Ölen imamın teçhizatsız koronavirüslü cenaze yıkadığı öğrenildi!
Koronavirüsten ölenlerin cenazesini yıkamakla görevlendirilen ve koruyucu elbise verilmediği için virüs kapan Osman Çilenti, yaşamını yitirdİ.
Siverek ilçesine 35 kilometre uzaklıktaki Burçalık köyünde iki yıldır cami imamı olarak görev yapan Çilenti, Siverek Müftülüğü tarafından ilçe merkezinde koronavirüsten yaşamını yitirenlerin cenazelerini yıkamakla görevlendirildi. Hiçbir eğitim verilmeden ve virüsten korunması için teçhizat sağlanmayan Osman Çilenti, koronavirüse yakalandı ve karantinada olduğu evinde yaşamını yitirdi.
Osman Çilenti’nin eşi Rahime Çilenti yaptığı açıklamada, eşinin vefat etmeden 12-13 gün önce koronavirüslü bir cenaze yıkadığını, teçhizatının tam olmadığını söyledi.
Eşinin koronavirüse yakalanmasının ardından dahi müftülük tarafından aranarak, cenaze yıkamaya çağrıldığını belirtti. Eşinin müftülükteki görevliye hasta olduğunu söylemesine rağmen kuruma çağrıldığını kaydeden Rahime Çilenti, eşinin raporu telefon üzerinden hem amirine hem de müftüye gönderdi.
Eşinin koronavirüslü olmasına rağmen müftülüğün kendisinden savunma aldığını ileri süren Çilenti, “Müftülük, çarşamba günü eşimi telefonla arayarak müftülüğe gelemiyorsa telefonla savunma yapmasını istedi. Ben kapının önünde eşimi dinliyordum. Eşim diyordu ki ‘Çok halsizim, konuşacak halim yok.’ Karşıdaki kişi ise ‘Sen konuş, anlat, ben yazarım.’ diyordu. Eşim durumunu anlattı. Eşim o haldeyken ondan savunma aldılar. Eşim zaten psikolojik olarak orada çöktü. Eşim Covid-19’a yakalandığı zaman, zaten seferberlik ilan ettik. Eşim o haldeyken eşimden savunma aldılar. Aynı gün savunmayı eve gönderdiler ve savunmasını imzalattılar. Bu hangi dinde ve insan ahlakında var. Eşim ‘telefonla konuşamıyorum’ dediği halde savunmasını aldılar. Bir insan hastaysa onu hasta olduğu için idam bile etmezler.
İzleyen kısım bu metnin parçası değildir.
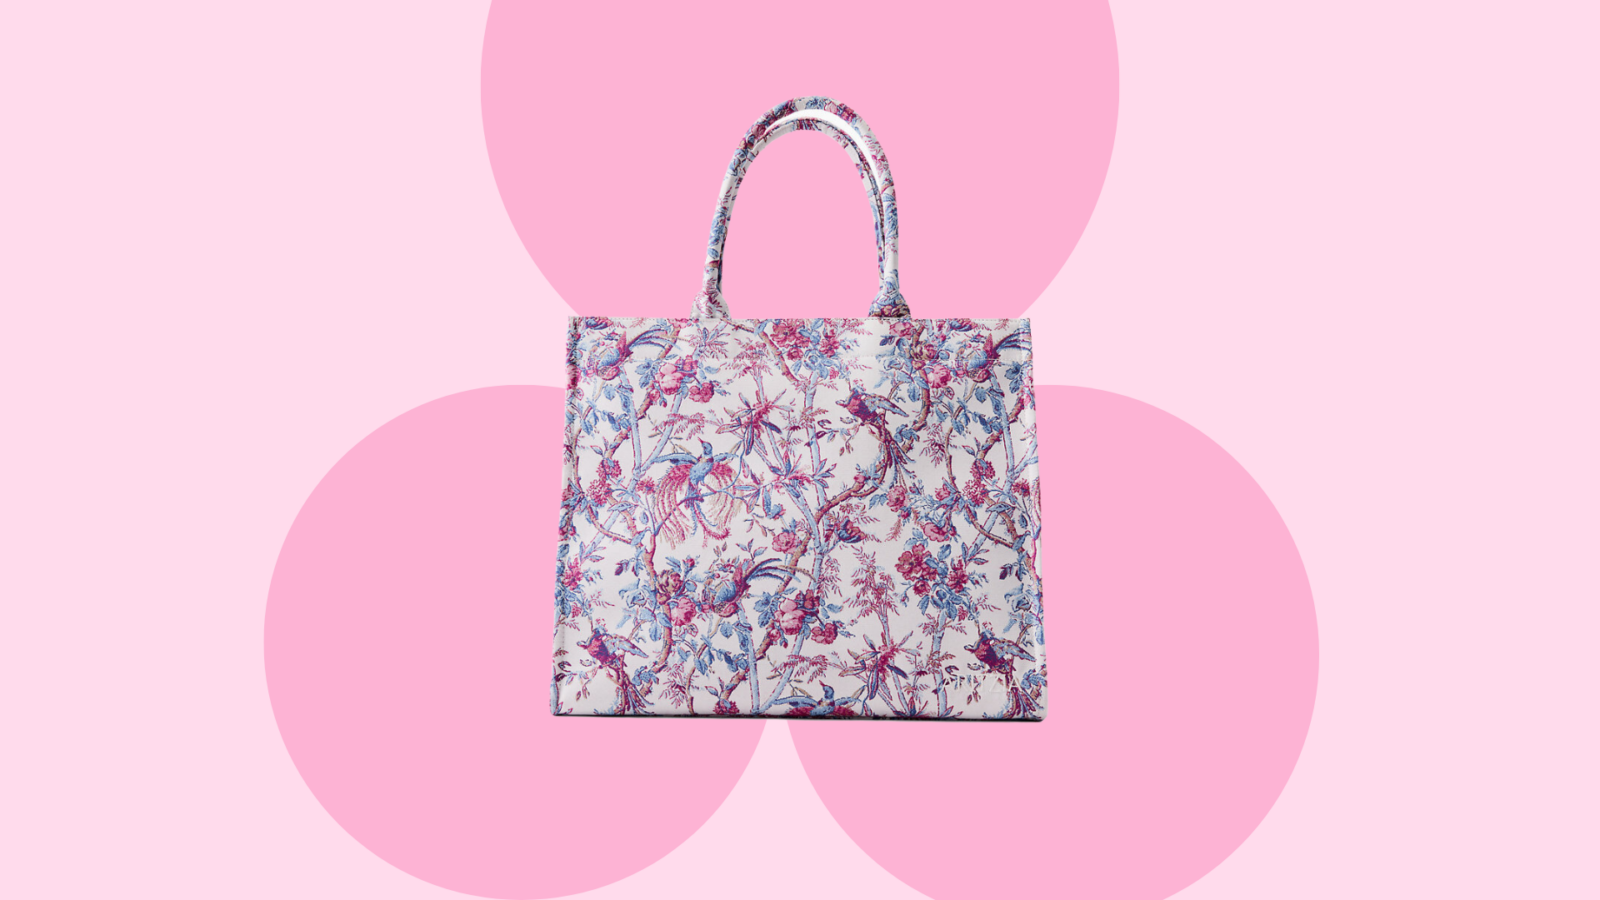 These Aritzia tote bags are going viral on TikTok - View the VIBE Toronto

Ne ceza verecekseler iyileştikten sonra verselerdi.” diye konuştu.
Eşinin yaşanan olayların ardından üzüntüden dolayı kalp krizi geçirdiğini belirten Çilenti, “Eşime ‘Sen bu haldeyken bunlar ne yapmaya çalışıyor, hakkını savun’ dediğim zaman bana ‘boş ver’ dedi. Onlara durumunun kötü olduğunu söylemesine rağmen eşime inanmadılar. Eşim ertesi günü ateşi hiç çıkmadı. Evin içerisinde bir süre dolaştı. Hiçbir şeyi yoktu. Odasına geçtikten 10 dakika sonra eşimin bağırmasını duydum. Yanına gittiğimde elleri bağlanmış, ağzı ve gözü açıktı. Zaten kalp masajı yapana kadar eşim orada öldü. Coronavirus’ten dolayı insanın nefesi çıkmaz ama eşim bir gün bile nefesinin çıkmadığını söylemedi. Bir kez bile öksürmedi. Sadece ateşi yüksek ve halsizdi. Onlar bu haldeyken savunmasını aldılar. Eşime psikolojik baskı yaptılar. Eşim kalp krizi geçirdi ve vefat etti.” dedi.
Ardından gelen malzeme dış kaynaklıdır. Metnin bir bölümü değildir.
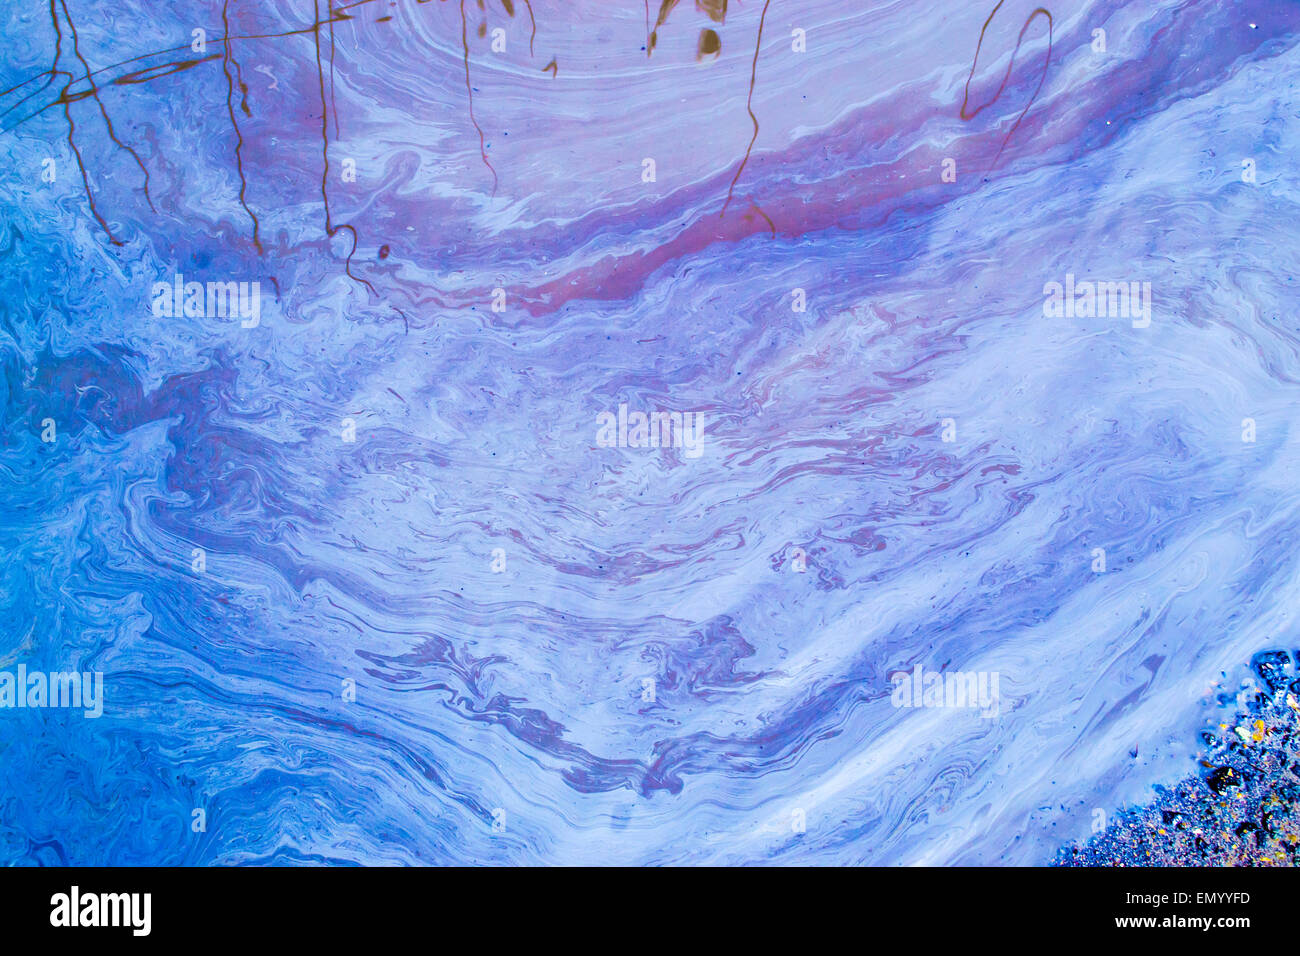 Oil swirls and patterns on the surface of a stagnant pool of water ...

Ölüm döşeğinde eşinden savunmasının alındığını iddia eden Çilenti, “Eşim 35 kilometre uzaklıkta bir köyde görev yapıyordu. Siverek merkezde görev yapmıyordu. 35 kilometre uzaklıkta bulunan bir insanı cenaze yıkamaya nasıl gönderirler. Her cenaze olduğu zaman şehre gidip gelecek mi? Ardından köye gideceksin, orada olmadığı zaman da tutanak tutacaksın! Bu adam burada mı, değil mi? O tutanağın savunmasını da ölüm döşeğinde alacaksın. ‘Sen ölmeden önce tutanağı imzala, soruşturmanı bir geçir, sonra ölüyorsan öl’ yaptıkları buydu. Başka bir şey değildi. Keşke eşime ceza verselerdi. Onu sürecekler miydi yoksa görevden mi atacaklardı. Kocam iyi olduktan sonra yapsalardı. Ama bir iyileşmesini bekleseydiler sonra ne yapacaklarsa yine yapsalardı.” dedi.